The finger was almost ready, crackling nicely on the brazier, and Ramsay pulled it off the spit and took a bite of it himself, to demonstrate. Not bad, if a little rubbery. "There," he said, and swallowed. "Damon, give the rest to Manderly. We've put him through so much, we can't deprive him of a spot of – "
"Lord Ramsay!"
Ramsay and his boys all turned in unison, annoyed. What they beheld was clearly an iron-constituted serving man of his father's, who took in the ghoulish scene with palpable distaste. Eyes fixed straight ahead, he addressed his target alone. "Your lord father wishes to see you in the Great Hall. Immediately."
"Immediately?" Ramsay did not appreciate that Lord Roose had presumed to use that word."You'll have to tell him that I'm busy. Gathering important intelligence for our future strategy."
"He said you might say that," the servant replied. "He said also that I was to ignore it out of hand. Immediately, if you please."
I will flay you in your sleep, little man. Seething, Ramsay shoved through his minions and made a viciously obsequious bow. "I am at my lord father's service."
It was a considerable climb from the dungeons to the Great Hall, and it was snowing again. There was not a nook or cranny of Winterfell that was not smothered in white; icicles bearded every eave and barrel, and the wildling heads had been reduced to featureless lumps. Ramsay's breath huffed silver, and drips of blood fell from his clothes and hands, leaving a vivid trail across the bailey. This interruption had damned well better be worth it.
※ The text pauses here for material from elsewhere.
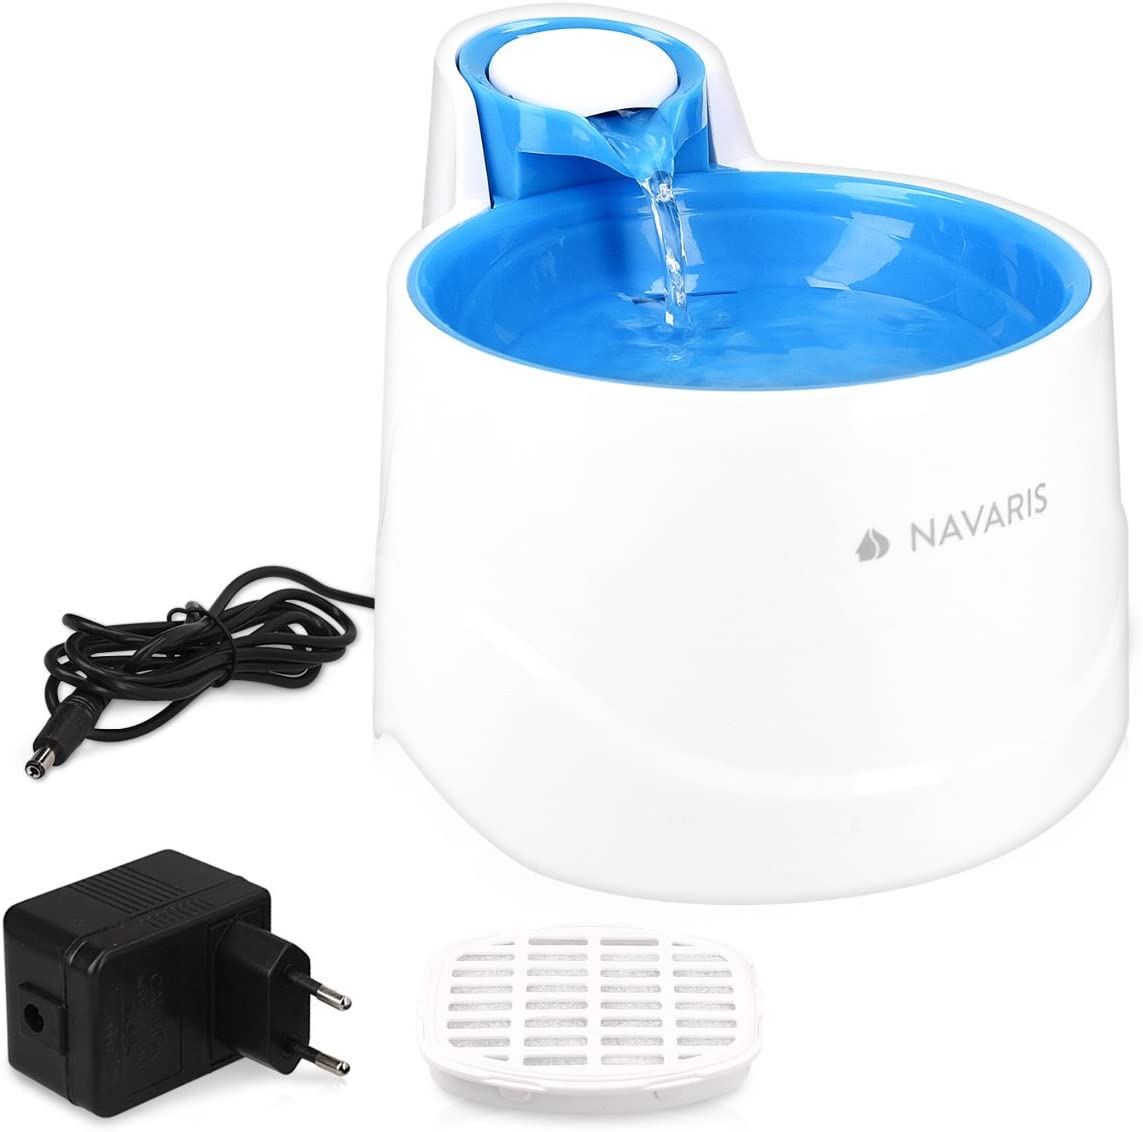  Navaris Fuente de Agua para Gatos y Perros - Bebedero de 2 litros con Filtro y Bomba Sumergible - Dispensador de Agua con Flujo Ajustable Color Azul 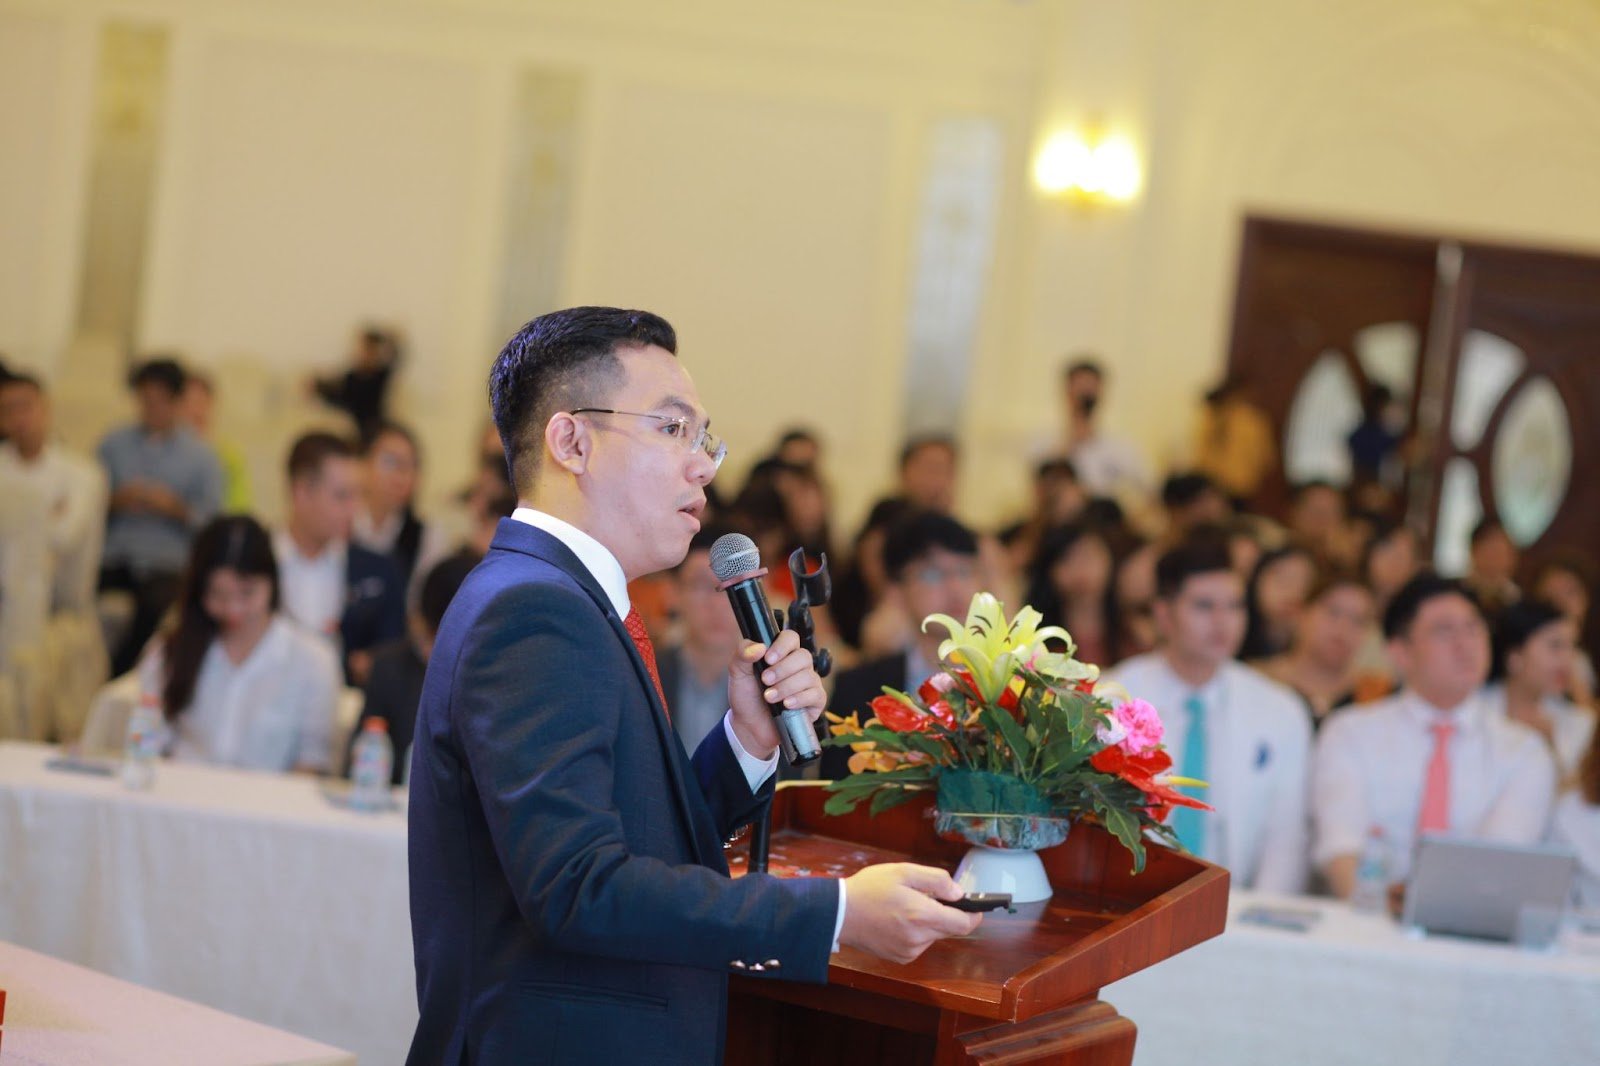 Bác sĩ thẩm mỹ Nguyễn Quốc Định tham dự rất nhiều hội thảo quốc tế về phẫu thuật thẩm mỹ

Lord Roose was waiting alone in the dim, grey Great Hall when they entered. He nodded the servant out with his customary frozen courtesy, then turned to his son, sized him up, and without a word, struck him across the cheek.
Ramsay raised a hand to his face, too surprised to be upset. "The seven devils was that for?"
"Have you gone mad?" The fury in Lord Roose's whisper was withering. "As Lord of Winterfell and Warden of the North, you torture the Lord of White Harbor and then boast about it for any man to hear? You already botched your marriage, you botched retrieving your wife, you botched capturing Stannis, you botched Mance Rayder, and now you do this? Hellfire and brimstone, are you mad?"
Ramsay regarded him mutinously, a lock of long dry hair falling in his eyes. "I suppose now you prate a peaceful land, a quiet people at me, is that it? It's bloody rich of you to tell me not to gain intelligence from a treasonous vassal, when you bloody killed the King in the North! Or did that escape your – "
This time, he didn't even see the blow coming. He went to one knee and almost tumbled headlong down the dais steps, tasting blood in his mouth. Above him his lord father stood with a face like a mask, one fist still upraised.
"That," said Roose Bolton, "answers my question beyond a doubt. You have gone mad. As you and every soul in the country is aware, the Freys treacherously murdered His Grace King Robb, in breach of the sacred laws of hospitality – and as it happens, there has just today been a bird from the Twins. The gods have taken their revenge. Lord Walder has suffered an apoplexy."
"Dead?" Ramsay growled. He will be soon. Just like you, old man.
"Not yet," Lord Roose said indifferently, "but he is quite lost to speech and sense. Edwyn Frey is now the de facto Lord of the Twins, though I daresay Lord Walder's corpse will not yet be cold when Edwyn joins him, thanks to Black Walder. It will be best for Lady Roslin to leave such a place beyond a doubt."
"Lady Roslin?" Ramsay could give a damn about her. The little cunt they'd foisted off on limp-dick Tully at the wedding that started it all, so what.
"Indeed." Lord Roose's pale eyes transfixed his bastard son. "A company of Lannister guardsmen arrived to escort her to her husband at Casterly Rock. Edwyn did not feel it wise to refuse."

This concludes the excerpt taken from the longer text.